Я держу Зигрид в объятьях, это и есть то, что сейчас, но думаю я о том, что ей пришлось покинуть свою родину, свою семью из-за бремени того самого прошлого, которое она не хочет принимать на свой счет, – ни единой его частицы, ни хорошего, ни дурного, ни ради расплаты, ни ради урока, – наоборот, она старается стереть это прошлое чередой поступков, которые завтра ни к чему не обязывают, чередой дней, не имеющих связи с тем, что было вчера, – это просто дни, ночи, калейдоскоп дней и ночей, и конечно, здесь, в этих барах, среди всей это неприкаянной богемы никто не спросит с нее отчета, не потребует правды о ее прошлом, о прошлом ее семьи, ее родины, она с легким сердцем могла бы быть дочерью доктора Хааса и позировать для модных журналов, а по вечерам танцевать и наслаждаться счастьем, то есть острым ощущением того, что она живет.
– Ты слыхала про Арозу?
Она мотает головой – нет.
– Это в Швейцарии, – говорю я. – В горах.

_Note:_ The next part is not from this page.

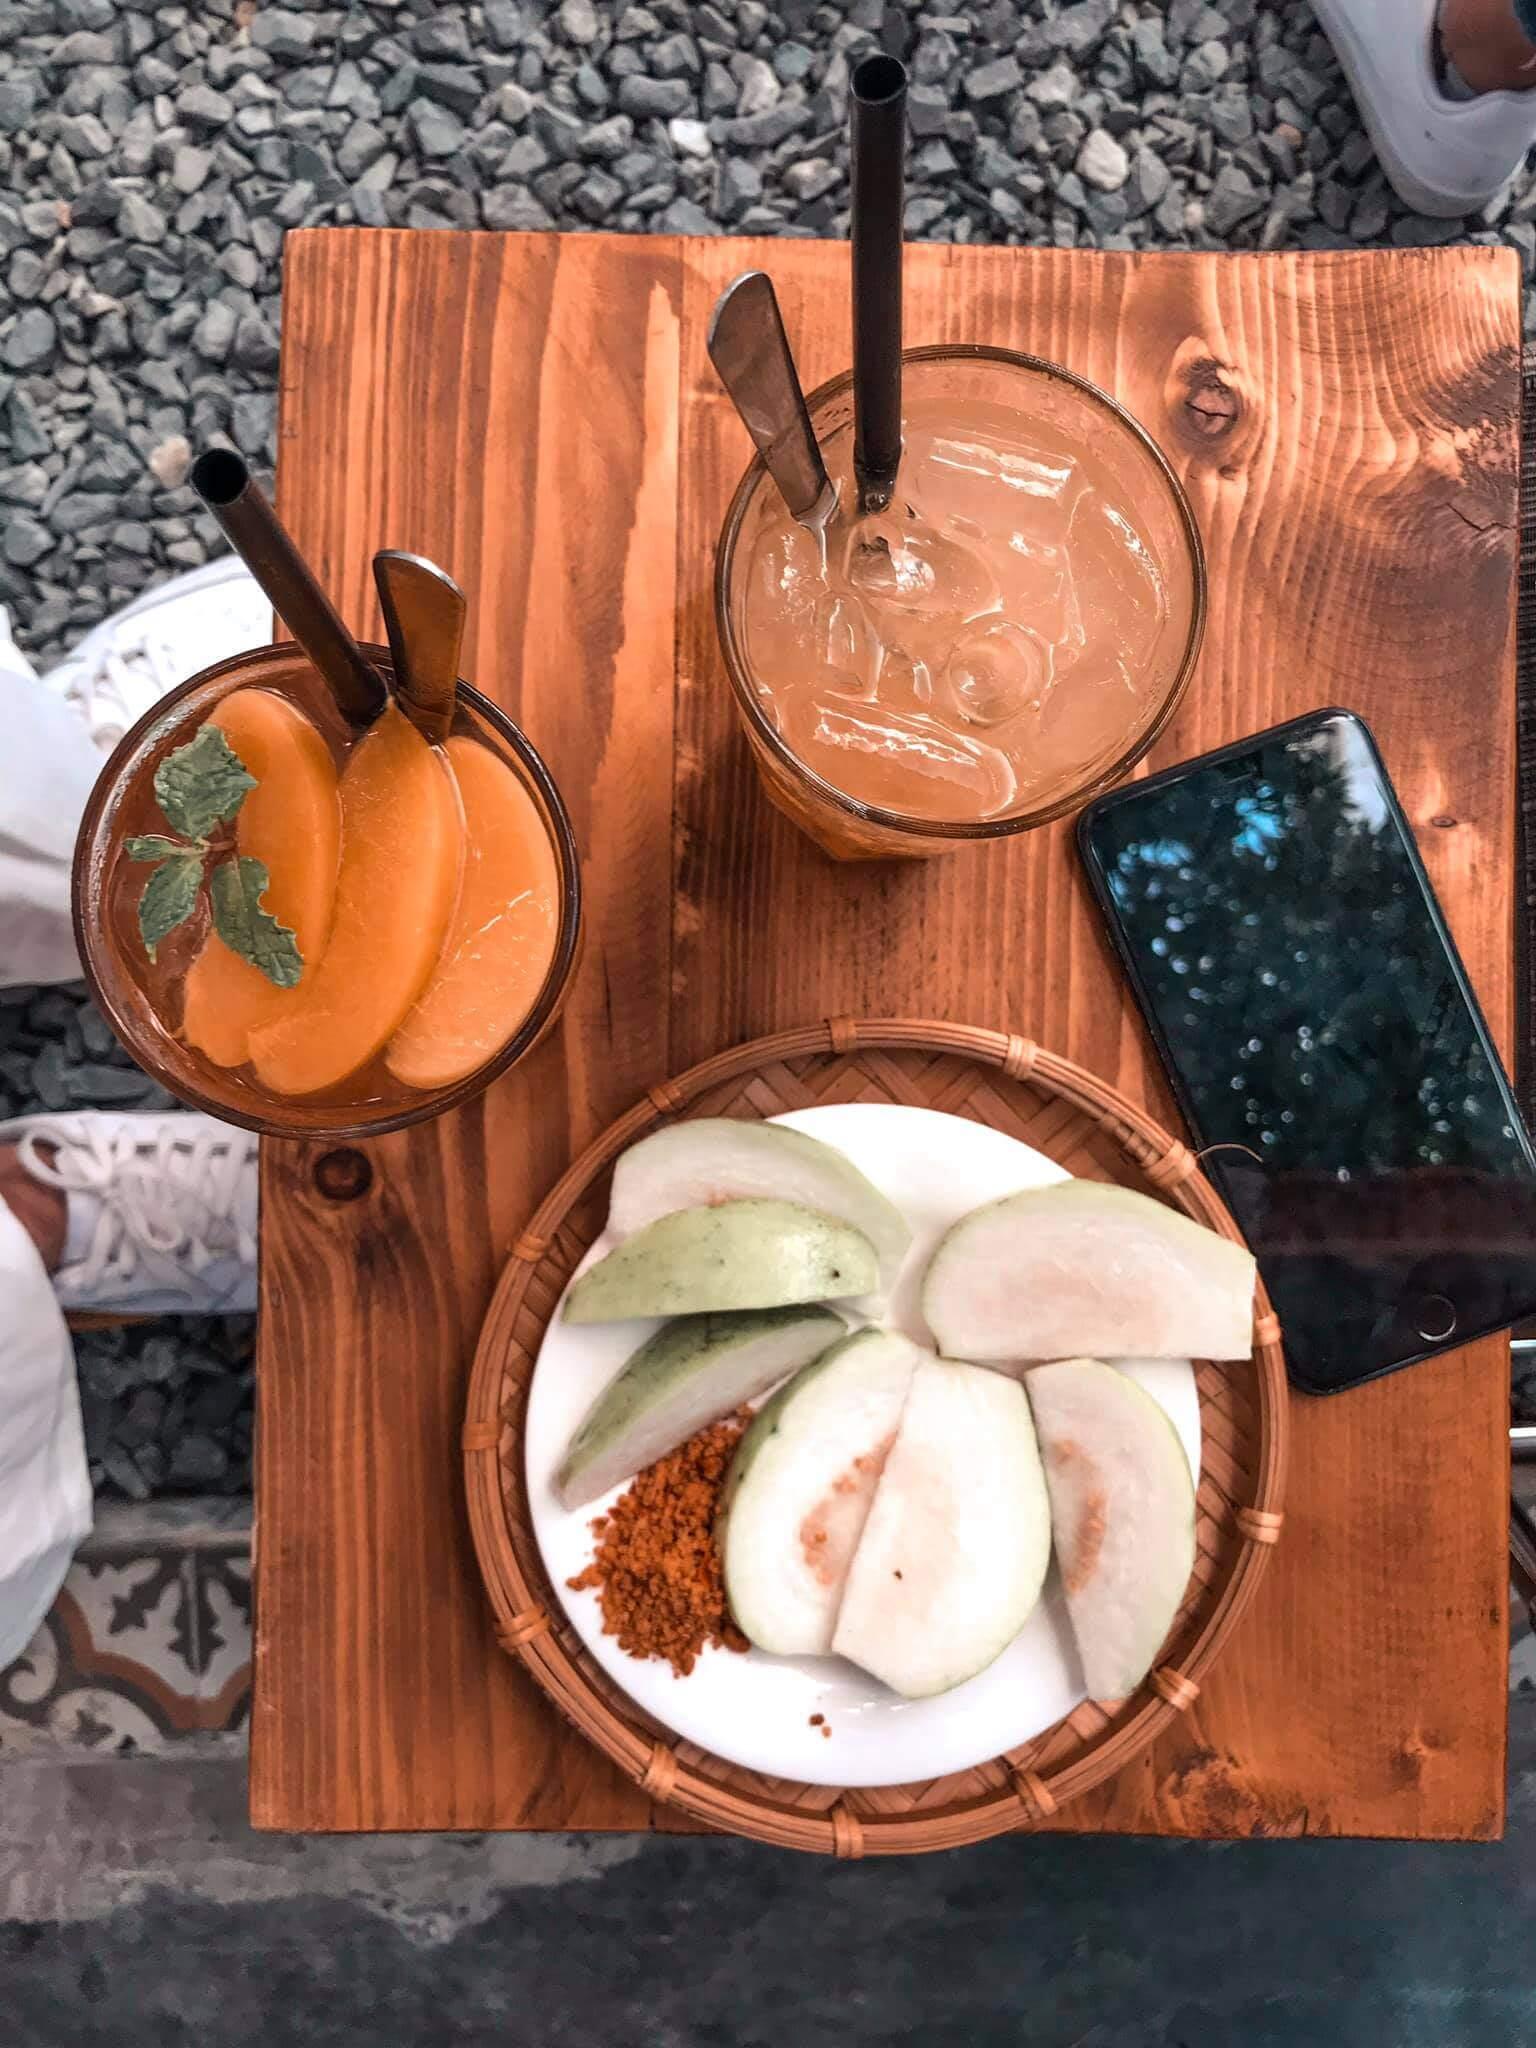 Ador Coffe Review Chuyen Du Lich Hoi An Da Nang Chanh Sa 3n2d 01

– Раз в Швейцарии, значит, в горах, – рассудительно замечает она.
Что верно, то верно.
– Ну и что же там? – спрашивает она.
– В Арозе, в горах, есть шале, а на нем – на фасаде – красивая надпись готическими буквами.
Но Зигрид не проявляет особого интереса к разноцветной готической надписи на фасаде шале под горным солнцем Швейцарии.
– Glück und Unglück, beides trag in Ruh’,
Alles geht vorüber und auch Du
[38]
.
– Это и есть твоя надпись? – спрашивает она.
– Да.
– Мне она не нравится.
Музыка кончилась, и мы ждем, пока на проигрывателе сменят пластинку.
– Счастье еще ладно, – говорит Зигрид, – к нему, наверно, можно относиться спокойно, хотя я и сомневаюсь. Счастье надо хватать двумя руками – какое уж тут спокойствие? Ну а несчастье? Разве можно спокойно переносить несчастье? – Не знаю, – говорю я. – Так там написано.
– И очень глупо. А потом, посуди сам, сказать: все проходит – это ровным счетом ничего не сказать.
– Ясно, тебе эта благородная мысль не по вкусу.
– Да просто ты сочинил чепуху, – говорит она.
– Ничего я не сочинил, это красивая готическая надпись в горах Швейцарии.
Мы снова танцуем.
– А на самом деле все наоборот.
– Ну давай попробуем, – предлагаю я.
– Что попробуем?
– Переиначить эту благородную мысль, поглядим, что получится.
Мы медленно танцуем – она улыбается. – Давай.
– Glück und Unglück, beides trag in Unruh’,
Alles bleibt in Ewigkeit, nicht Du
[39]
.
– Вот что получится.
Поразмыслив, она хмурит брови.
– Так мне тоже не нравится, – говорит она.
– Как же быть?
– А никак. Чепуха навыворот – та же чепуха.
Мы дружно смеемся.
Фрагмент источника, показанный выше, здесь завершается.